* _Given data_:
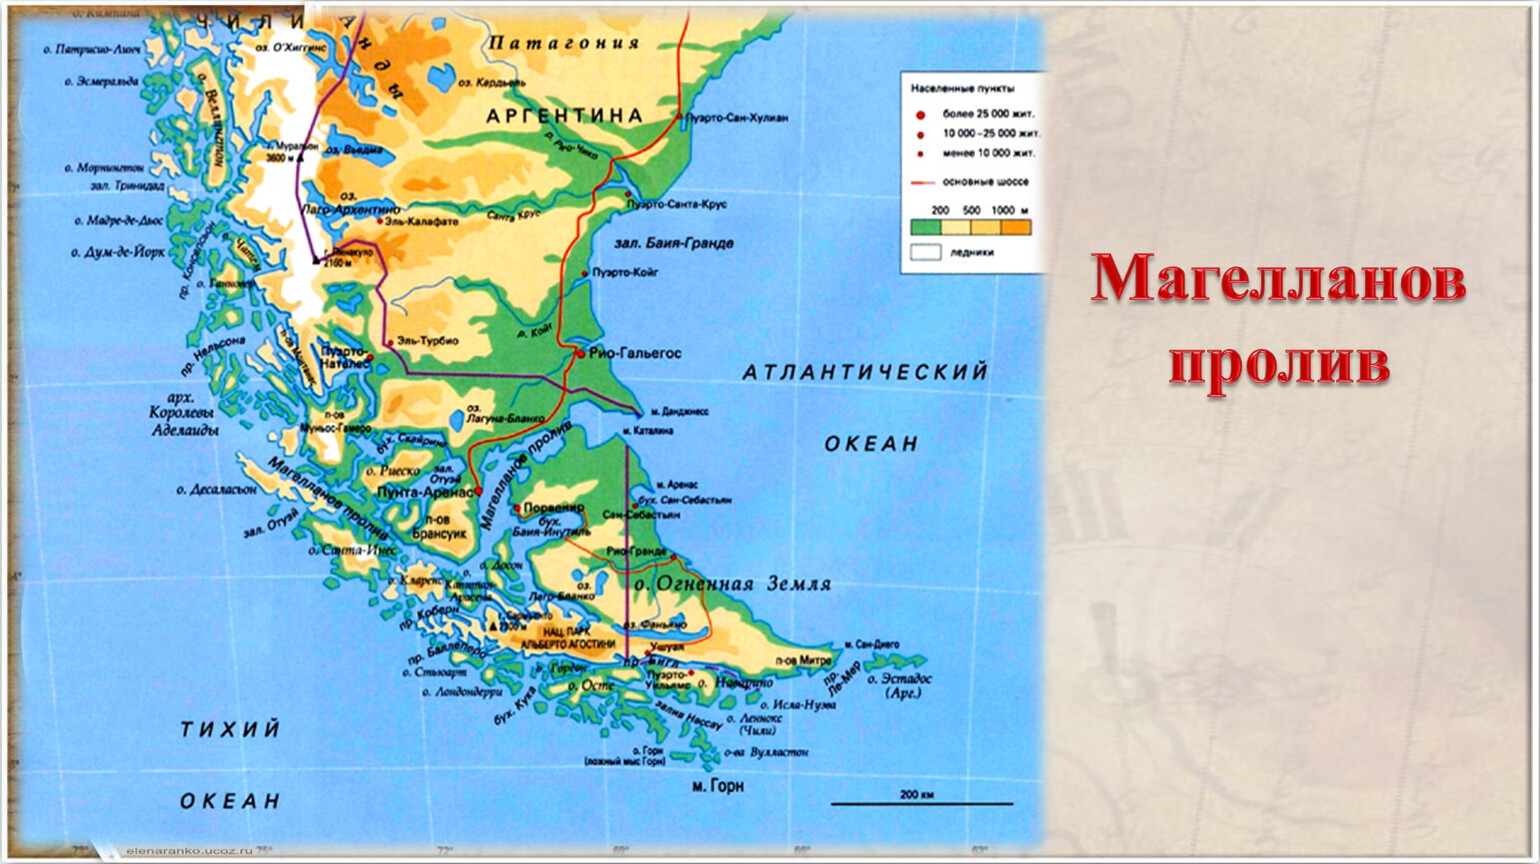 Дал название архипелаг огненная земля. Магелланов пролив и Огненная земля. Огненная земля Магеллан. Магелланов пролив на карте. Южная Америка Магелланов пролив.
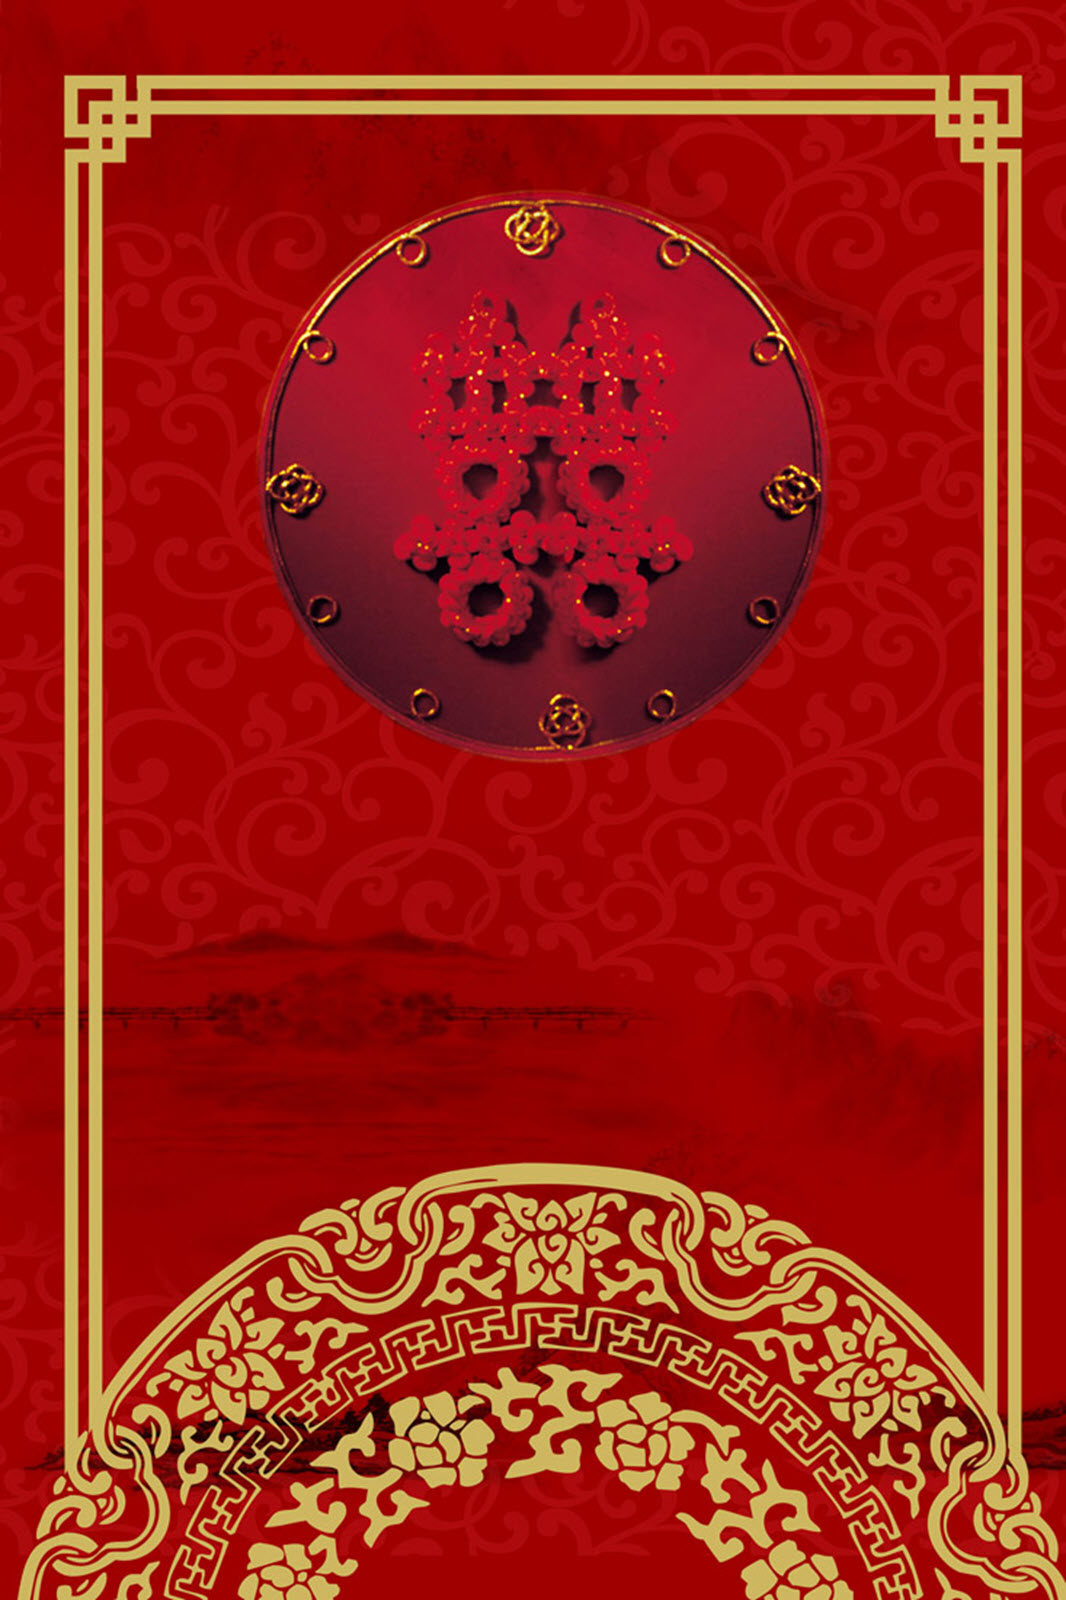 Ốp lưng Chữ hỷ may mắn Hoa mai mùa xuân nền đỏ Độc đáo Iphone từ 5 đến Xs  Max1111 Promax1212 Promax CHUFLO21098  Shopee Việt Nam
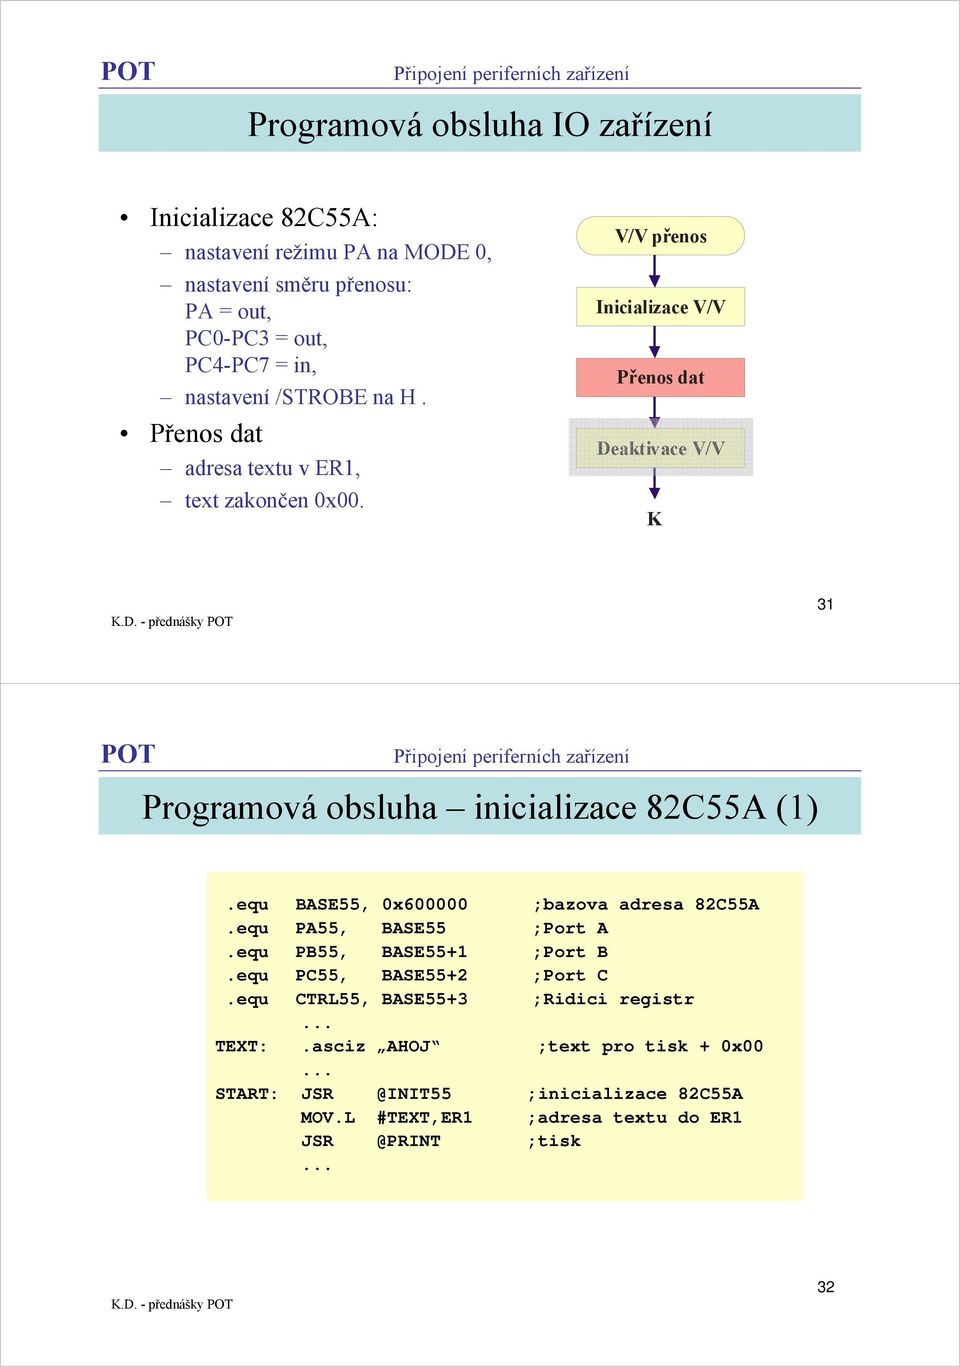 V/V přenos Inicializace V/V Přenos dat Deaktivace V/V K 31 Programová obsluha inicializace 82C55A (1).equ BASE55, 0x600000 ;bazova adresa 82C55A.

* _Task details_: Would you set down the material exactly as it stands, without the pictures?

* _Response to this task_:
 Дал название архипелаг огненная земля. Магелланов пролив и Огненная земля. Огненная земля Магеллан. Магелланов пролив на карте. Южная Америка Магелланов пролив.
 Ốp lưng Chữ hỷ may mắn Hoa mai mùa xuân nền đỏ Độc đáo Iphone từ 5 đến Xs  Max1111 Promax1212 Promax CHUFLO21098  Shopee Việt Nam
 V/V přenos Inicializace V/V Přenos dat Deaktivace V/V K 31 Programová obsluha inicializace 82C55A (1).equ BASE55, 0x600000 ;bazova adresa 82C55A.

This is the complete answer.